Oh yes, I forgot. Because so many other teams are opening the vault for Wallace.


----------



## wilon_1 (Jul 25, 2002)

NYDAILYNEWS.com reported that the Blazers gm still wants to trade Rasheed..Wnts Kurt Thomas and Doleac...


----------



## truth (Jul 16, 2002)

How in the world can you trade Kurt Thomas and Michel Doleac for rasheed wallace..The salaries dont match up at all


KVH and KT for Rasheed Wallace would match up...


----------



## son of oakley (Dec 24, 2003)

Right, and they don't want KVH, they want cap space. They wanted McDyess and Thomas, cause both have expiring contracts. Didn't happen. Wont happen now.


----------



## truth (Jul 16, 2002)

Would you even want Sheed for KVH and Thomas???

Frankly,no pun intended,i would rather trade Williams and Harrington for Miles...We need some athleticism and someone who can run with Stephon on the break

And yes I like Williams,but I am not in love


----------



## son of oakley (Dec 24, 2003)

I'm not sure, the times I've seen Miles were not great performances by him, so my jury is out. Sheed can run with Marbury but while I think the team could have handled Sheed's ego alone I don't know it can handle his with Marbury's. It's not like we've got Riley or Jackson at the Helm.


----------



## Rashidi (Oct 2, 2003)

Wallace runs well for a power forward. Not well for a small forward. Miles is quite an athletic creature, but not much else. Really, I don't hold him in any higher esteem than I do Shandon Anderson. Miles is just a couple inches taller and has a worse jumpshot (and Anderson's is already quite bad).


----------



## Rashidi (Oct 2, 2003)

Btw, I don't see Harrington going anywhere. He's proven his worth as a capable backup, and the only other PF on the roster after KT is Michael Sweetney. I'd rather take a flier on Leon Smith instead of thinning out the bench for no reason. 

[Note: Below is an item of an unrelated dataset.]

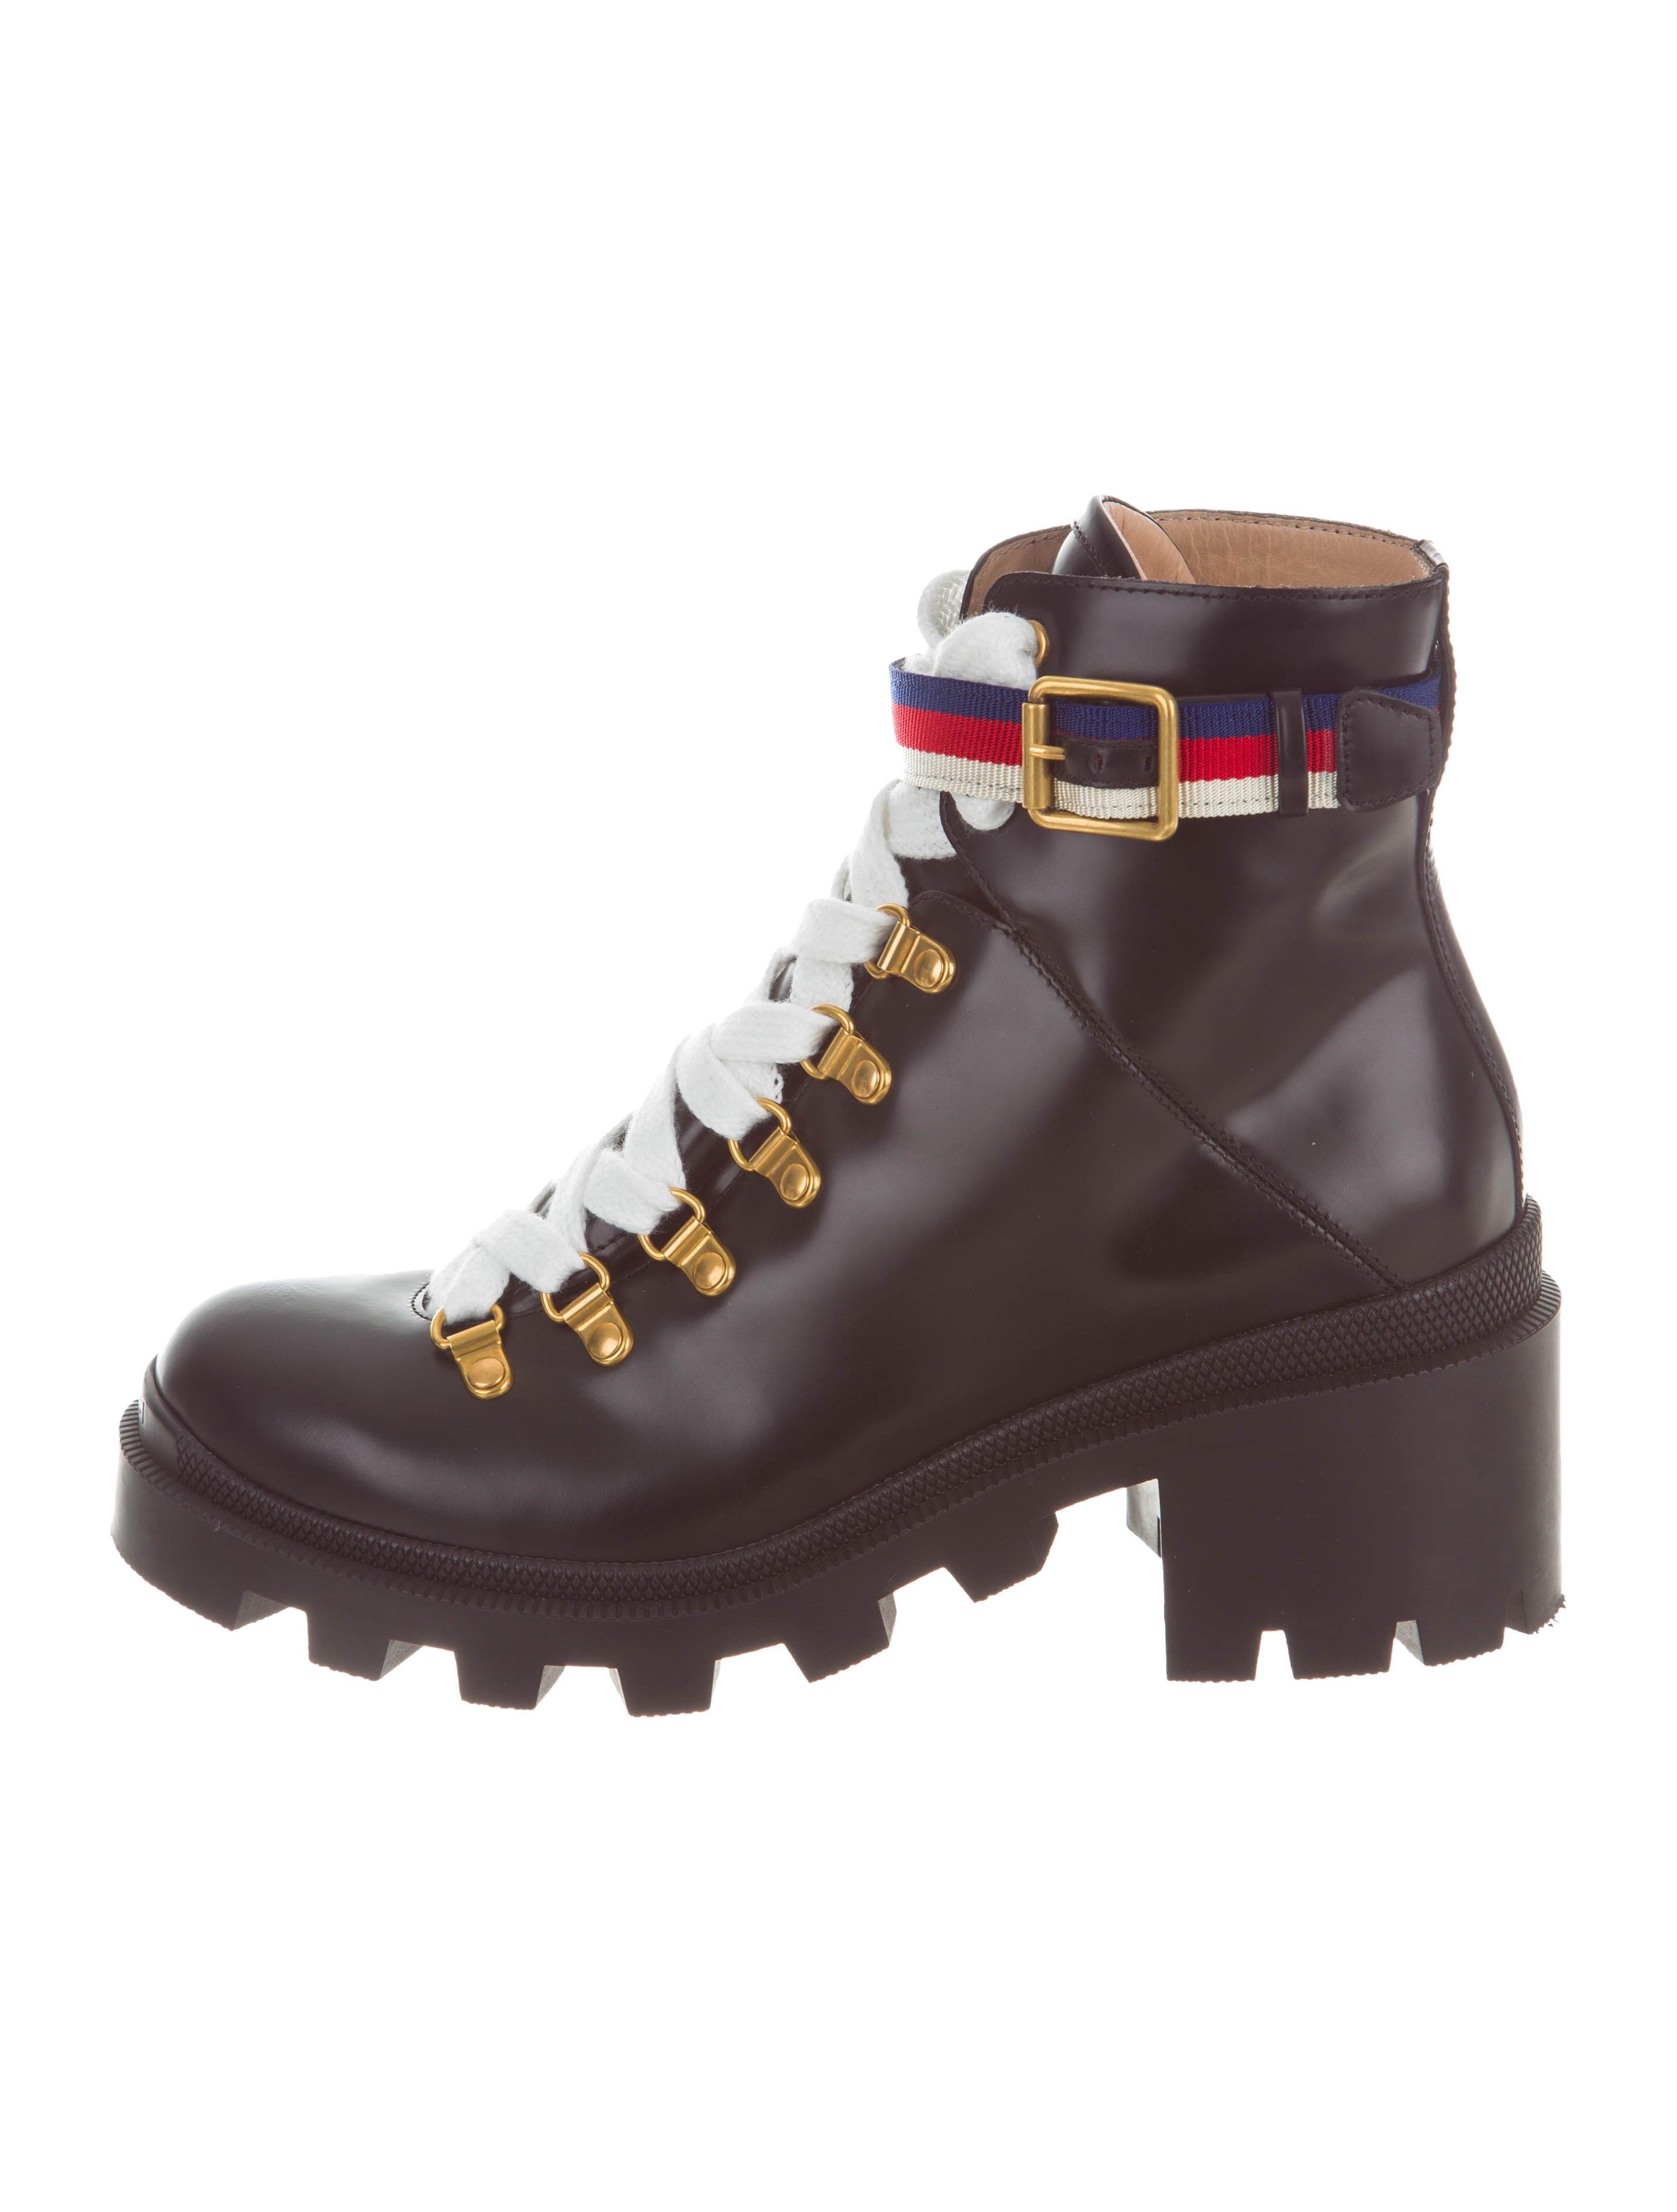 5732d41bd49 Gucci Sylvie Web Ankle Boots - Shoes - GUC189000

The Knicks already have Penny and Shandon Anderson. If they get Miles, where does Anderson go? He's not exactly tradeable. That puts him on the bench until the also untradable Penny goes down with injury. 

UNLESS, they start Miles and put KVH at PF. But that also means KT is coming off the bench at PF/C as the 6th man, which is something he doesn't really like (even if he is effective in the role)

And if they trade Frank, who is the 3rd PG? Do they bring back Ward? Otherwise it's going to be 10 day contract guys like Smush Parker and Tierre Brown. I can do without them.

Current Knick Roster
C - Mutombo/Doleac/Trybanski
PF - Thomas/Harrington/Sweetney
SF - VanHorn/Anderson
SG - Houston/Hardaway
PG - Marbury/Norris/Williams

With Miles, KT starting
C - Mutombo/Doleac/Trybanski
PF - Thomas/Sweetney
SF - VanHorn/Miles/Anderson
SG - Houston/Hardaway
PG - Marbury/Norris

With Miles, KT off bench
C - Mutombo/Doleac/Trybanski
PF - VanHorn/Thomas/Sweetney
SF - Miles/Anderson
SG - Houston/Hardaway
PG - Marbury/Norris

It also leaves the Knicks with a roster of 12. Since we don't have any draft picks, and since we used our mid-level this year (teams get one every 2 years), it means that the IR would have to be filled out with minimum wage scrubs for the next couple years. Not good since Penny is always injury prone and Houston is having knee trouble.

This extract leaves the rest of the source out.